Even if your life is stable and your credit score is good, you still need to make sure you have the money to purchase a home.
Although many physicians can get a “doctor’s loan” to cover most, if not all, of the down payment, there are still other transaction costs associated with buying a home that you have to consider.
Some examples of transaction costs are: the appraisal fee (to have a professional determine the actual value of the home), the processing fee (to have someone evaluate your loan application and prepare any other necessary documents), title insurance (to make sure that the home is actually in your name and ensure there are no problems when the seller transfers it to you), and escrow fees (the third party that holds the money from the buyer and the home from the seller until all of the inspections and concessions have been completed), among others.
Typically, these transaction costs amount to about 3% of the total price of the home. So, if you are buying a home for $500,000, then expect to spend an additional $15,000 in transaction costs.
Have you factored in other costs, such as homeowner’s insurance and property taxes?
Along with transaction costs of buying a home, there are other monthly or annual costs associated with homeownership.
You will need to pay for homeowner's insurance, property taxes, and you may even have to pay homeowner’s association (HOA) fees. HOA fees can range from $0 in some areas to hundreds of dollars per month in others.
The cost of homeowner's insurance (which insures your home against unforeseen damage or accidents) varies by state and is listed here.

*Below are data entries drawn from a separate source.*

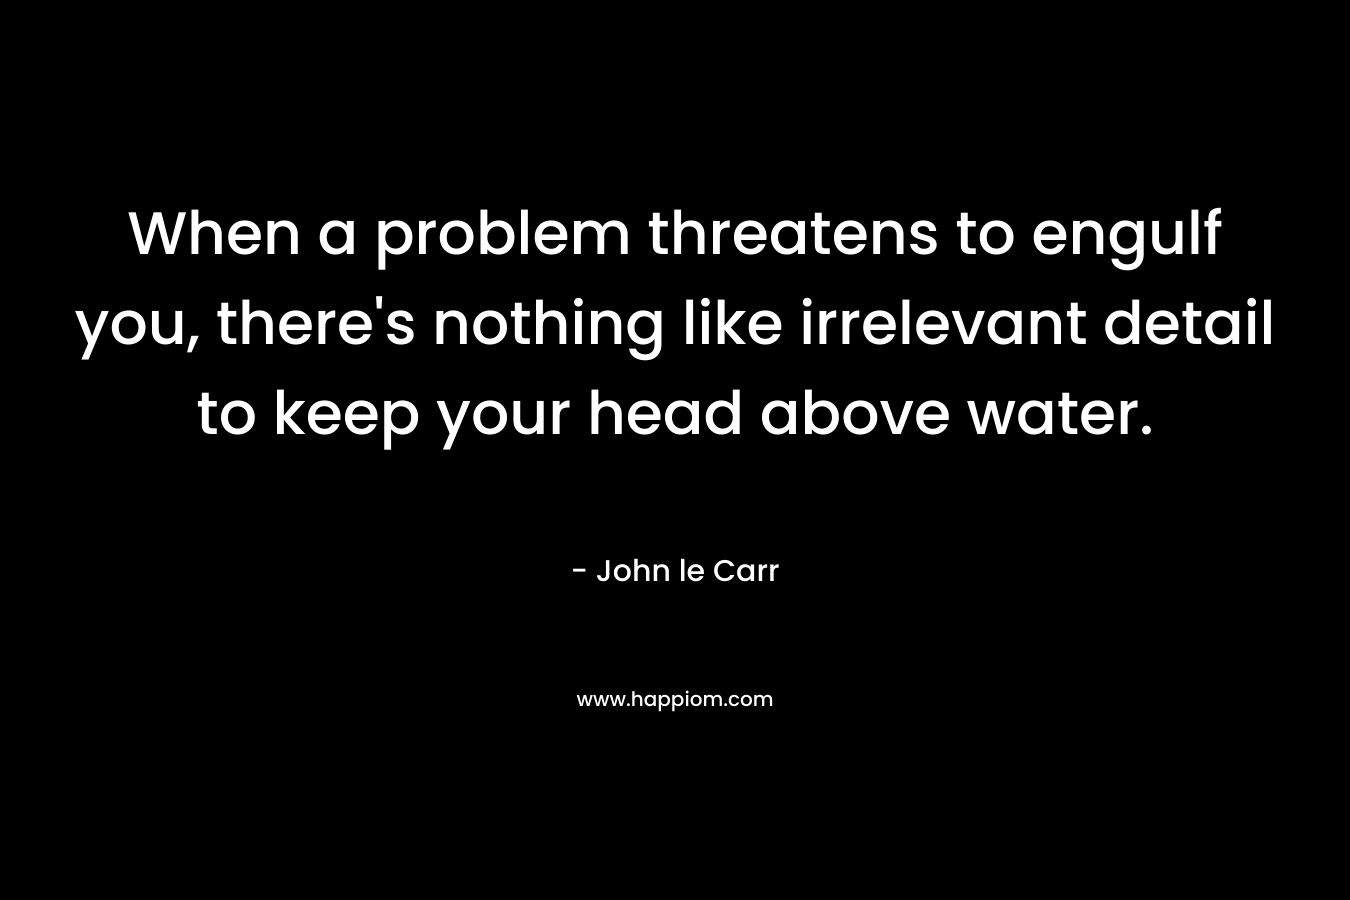 When a problem threatens to engulf you, there’s nothing like irrelevant detail to keep your head above water. – John le Carr
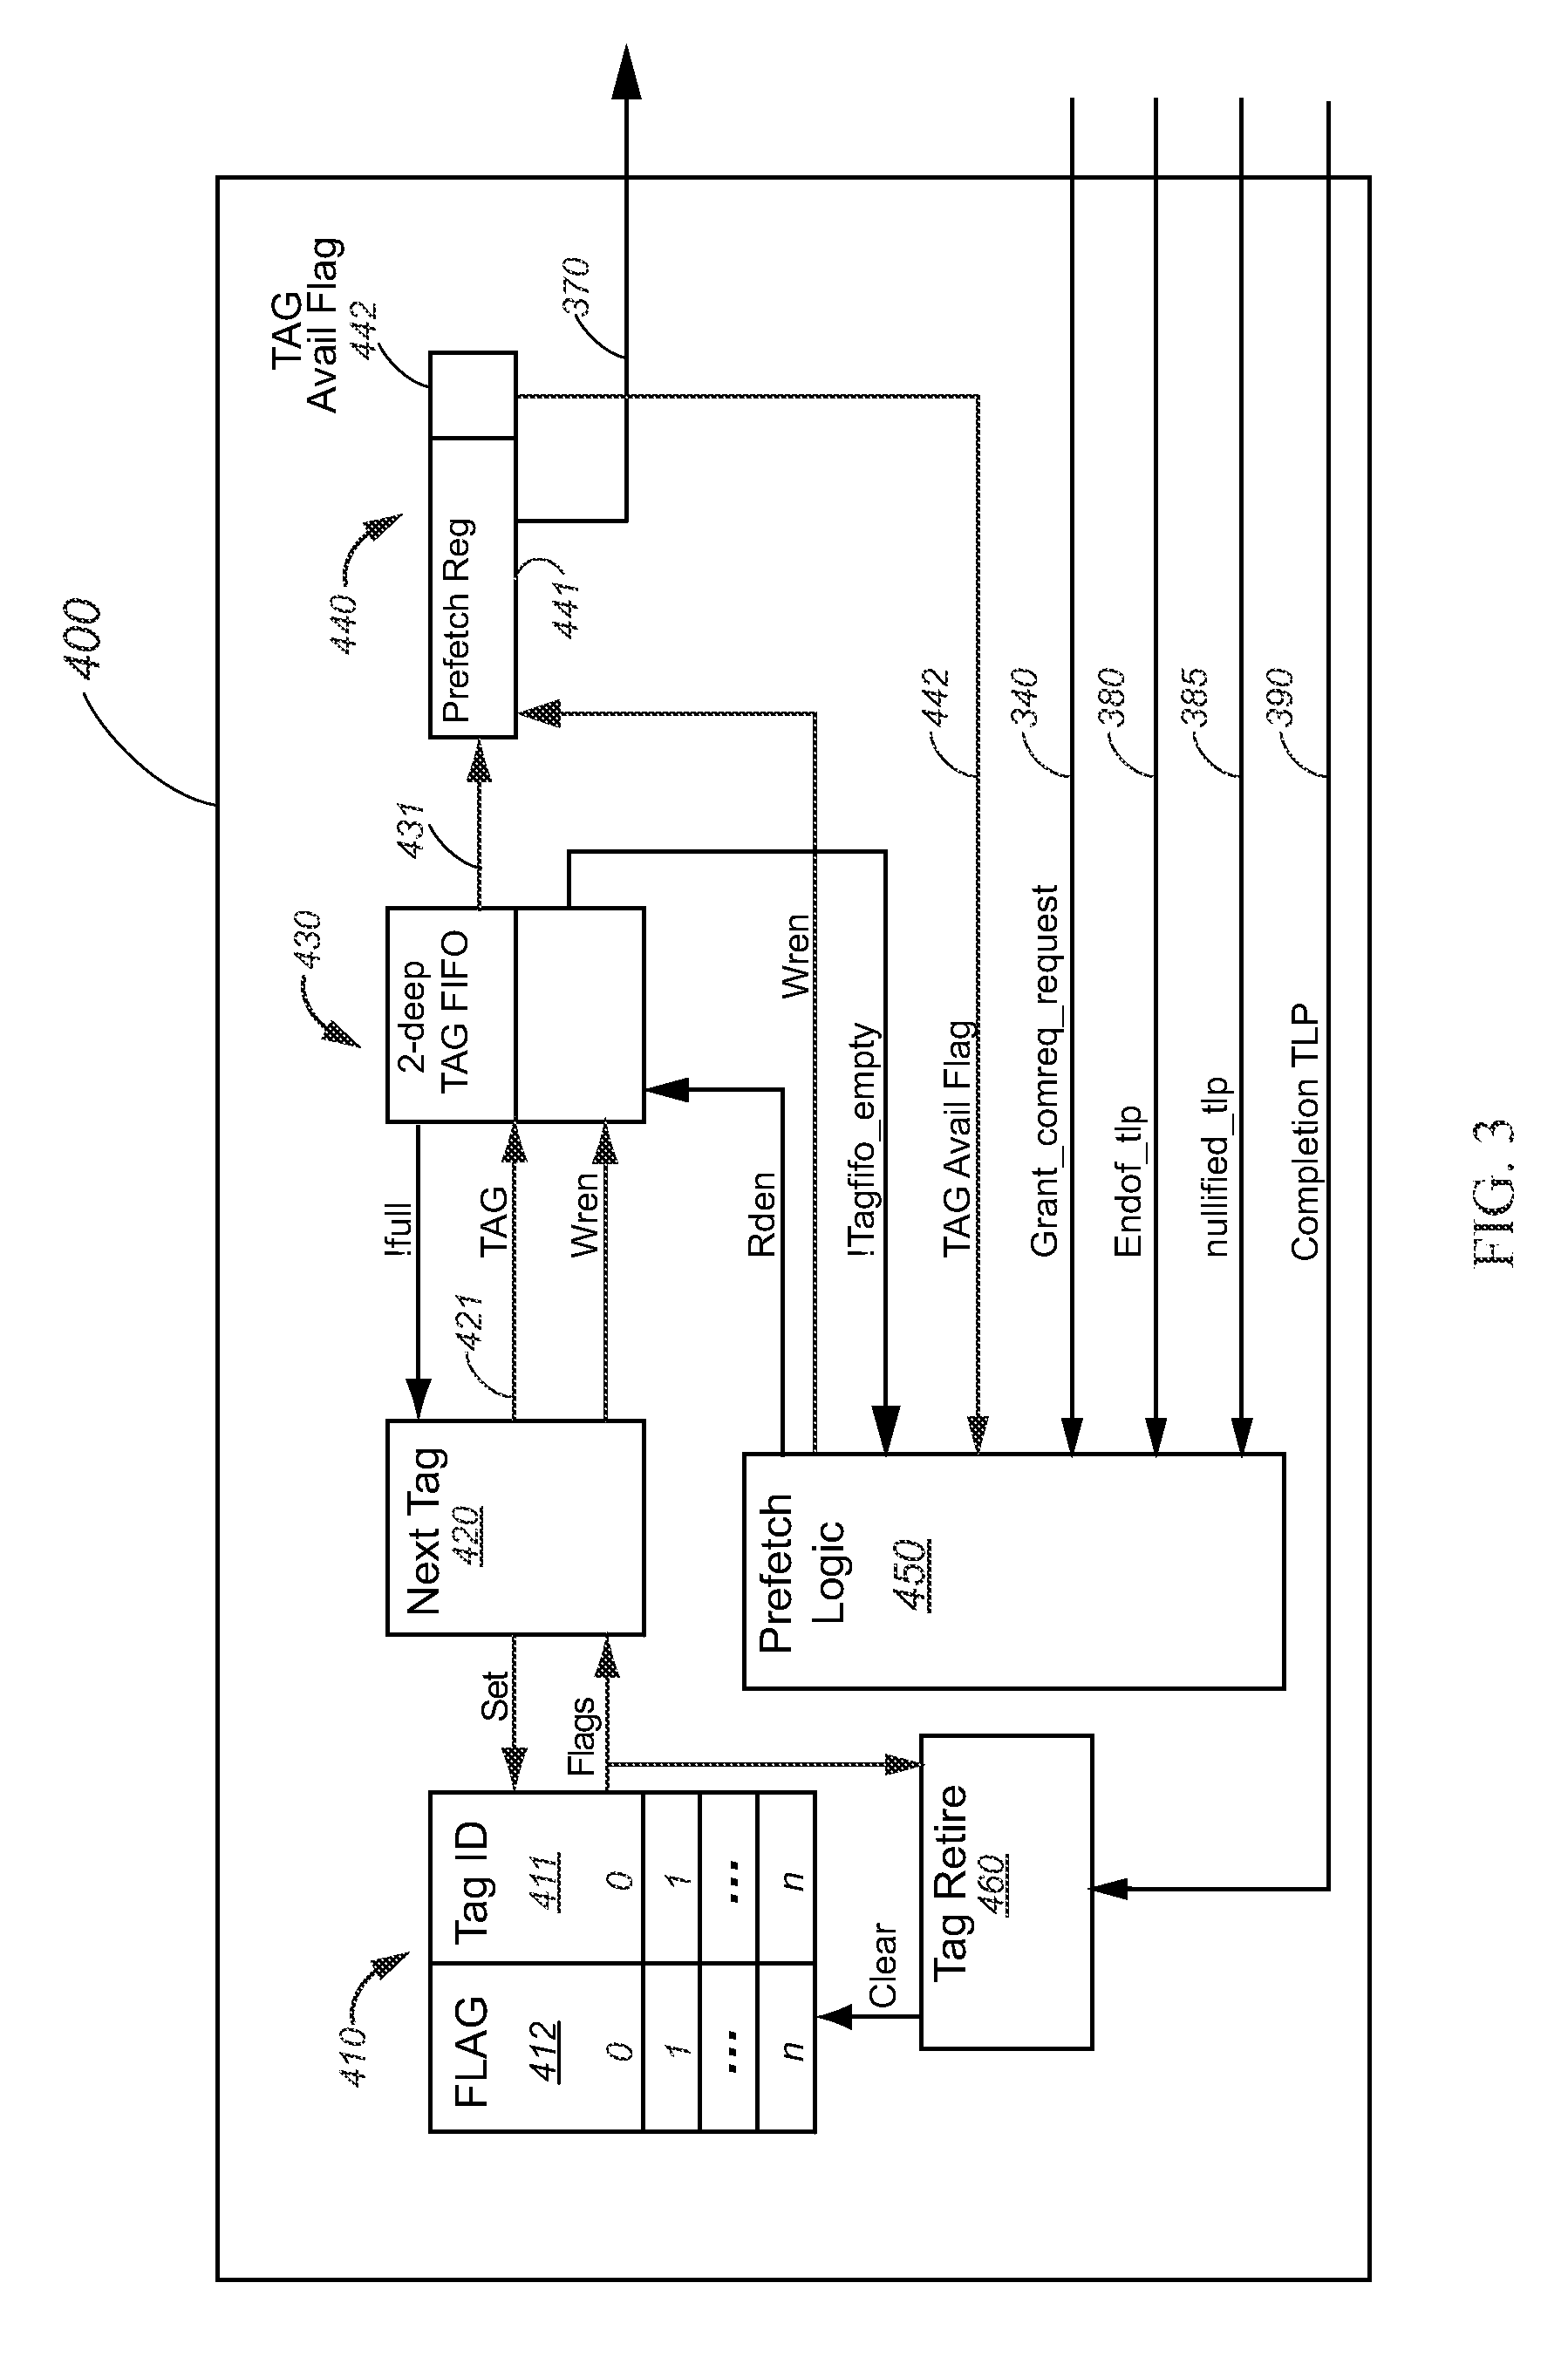 Method and apparatus for generating unique identification numbers for PCI express transactions with substantially increased performance
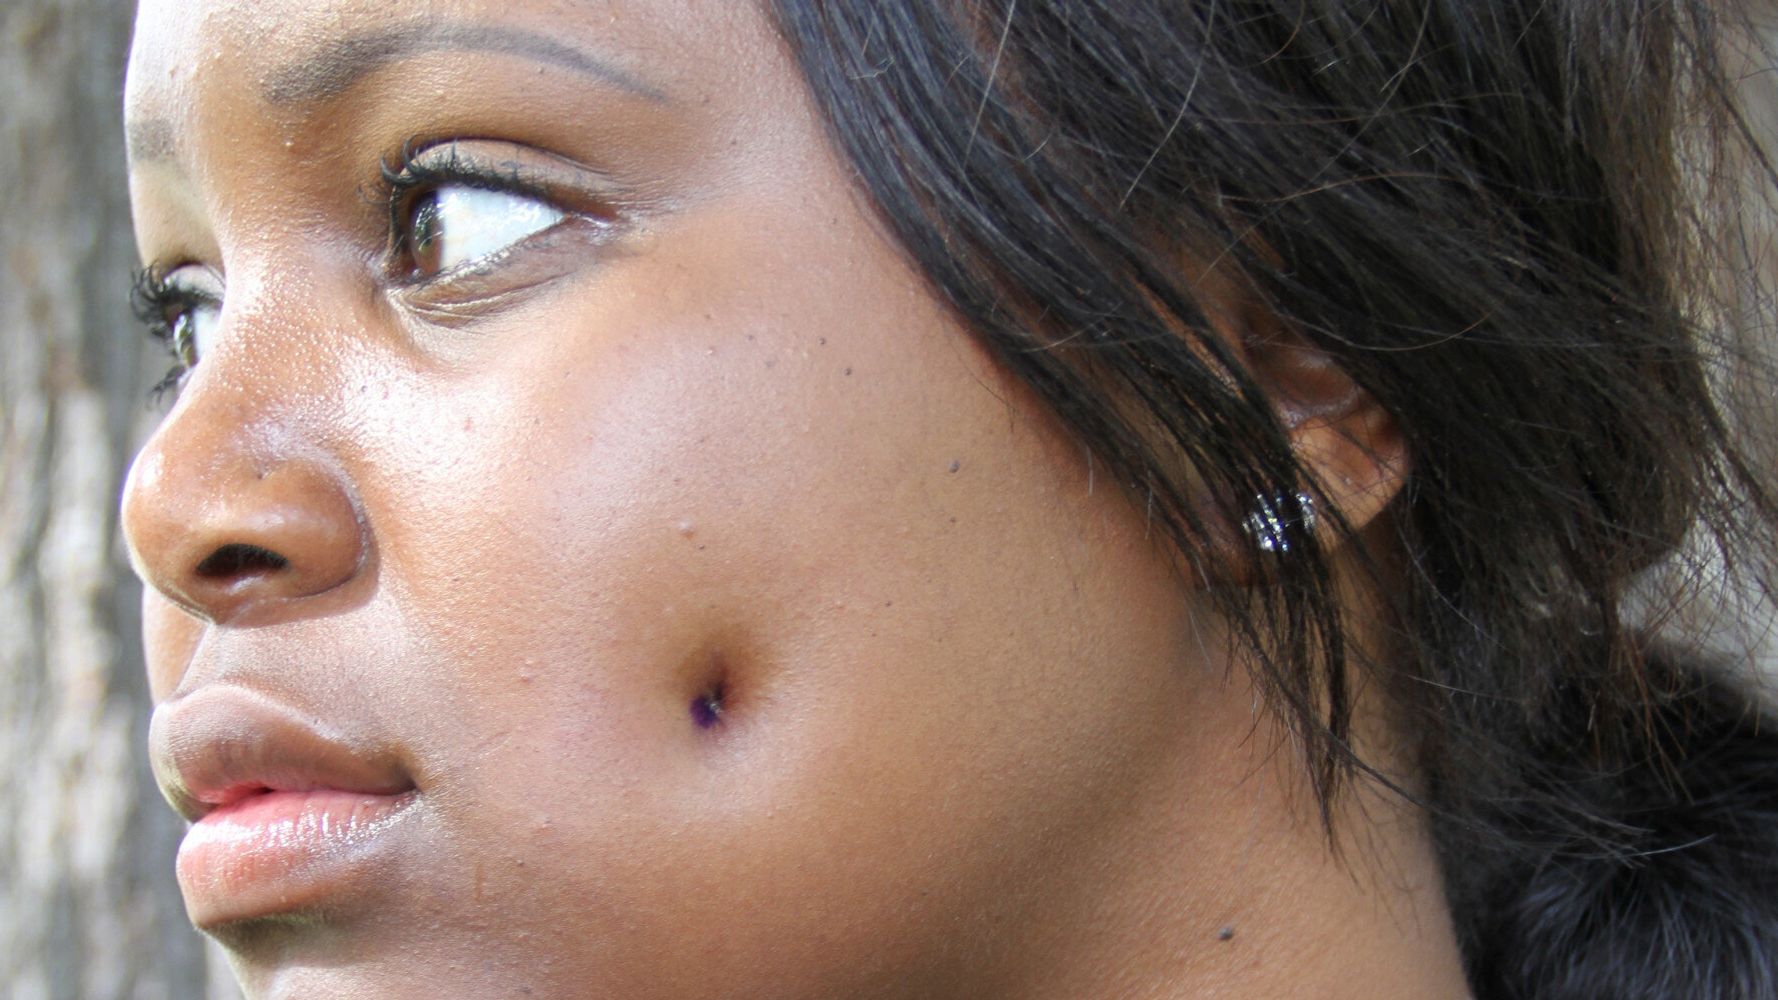 Dimpleplasty Woman Gets £1500 Cheek Piercing Surgery To Get Dimples
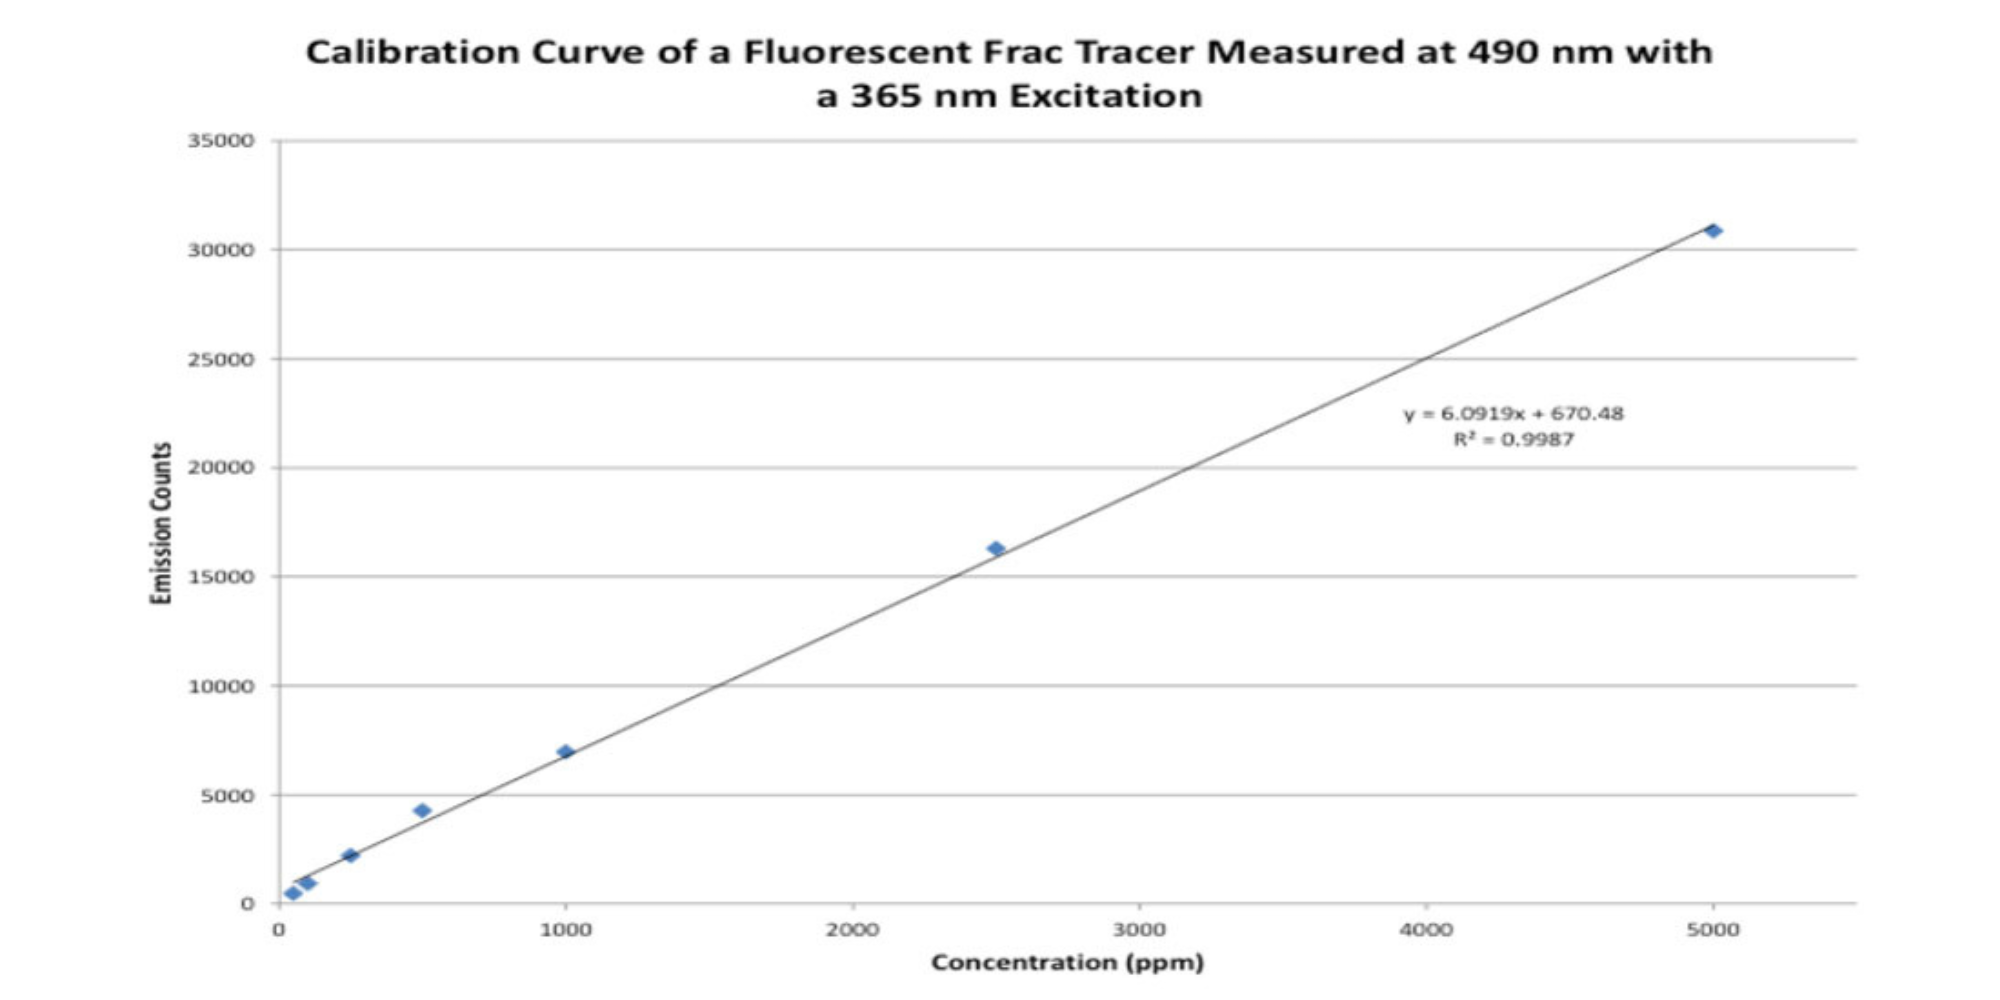 Calibration curve of fluorescent frac tracers; research conducted by Engenium using Wilson’s Instrumentation.

Generally speaking, states with a high risk for natural disasters, such as earthquakes, floods, tornadoes, and hurricanes, charge the most.
Unlike renting, people who own a home must also pay yearly property taxes. The amount you pay in property taxes varies by state and is listed here. It ranges from 0.29% of the home value in Hawaii to 2.47% of the home value in New Jersey, with the average being around 1.00%.
This means if you have a house that is worth $500,000, expect to pay $5,000 per year (which is $416 per month, in addition to the mortgage) in taxes.
Do you have an emergency fund for inevitable repairs?
In addition to paying a monthly mortgage, property taxes, and homeowner's insurance, there are other expenses you may have to pay for as well. The biggest of these added expenses is repairs, especially when you first move in. Perhaps you want to paint the walls, redo the kitchen, or fix the lighting.
As you continue to live in the home, your air conditioner might need fixing, the plumbing may need to be changed, or some other appliance could stop working. When you are renting, the owner of the apartment complex covers these costs. When you buy a home, you pay these costs yourself.
What this means for you
The decision to rent or buy a home is a personal one that depends on many factors. Regardless of which way you are leaning, be sure to compare renting vs the true cost of homeownership (including all the added fees). If your life is stable and you can afford it, then it may make more sense to buy a home. If your life is not stable or you can't afford all the costs of home ownership, then perhaps it makes sense to rent for now and keep saving.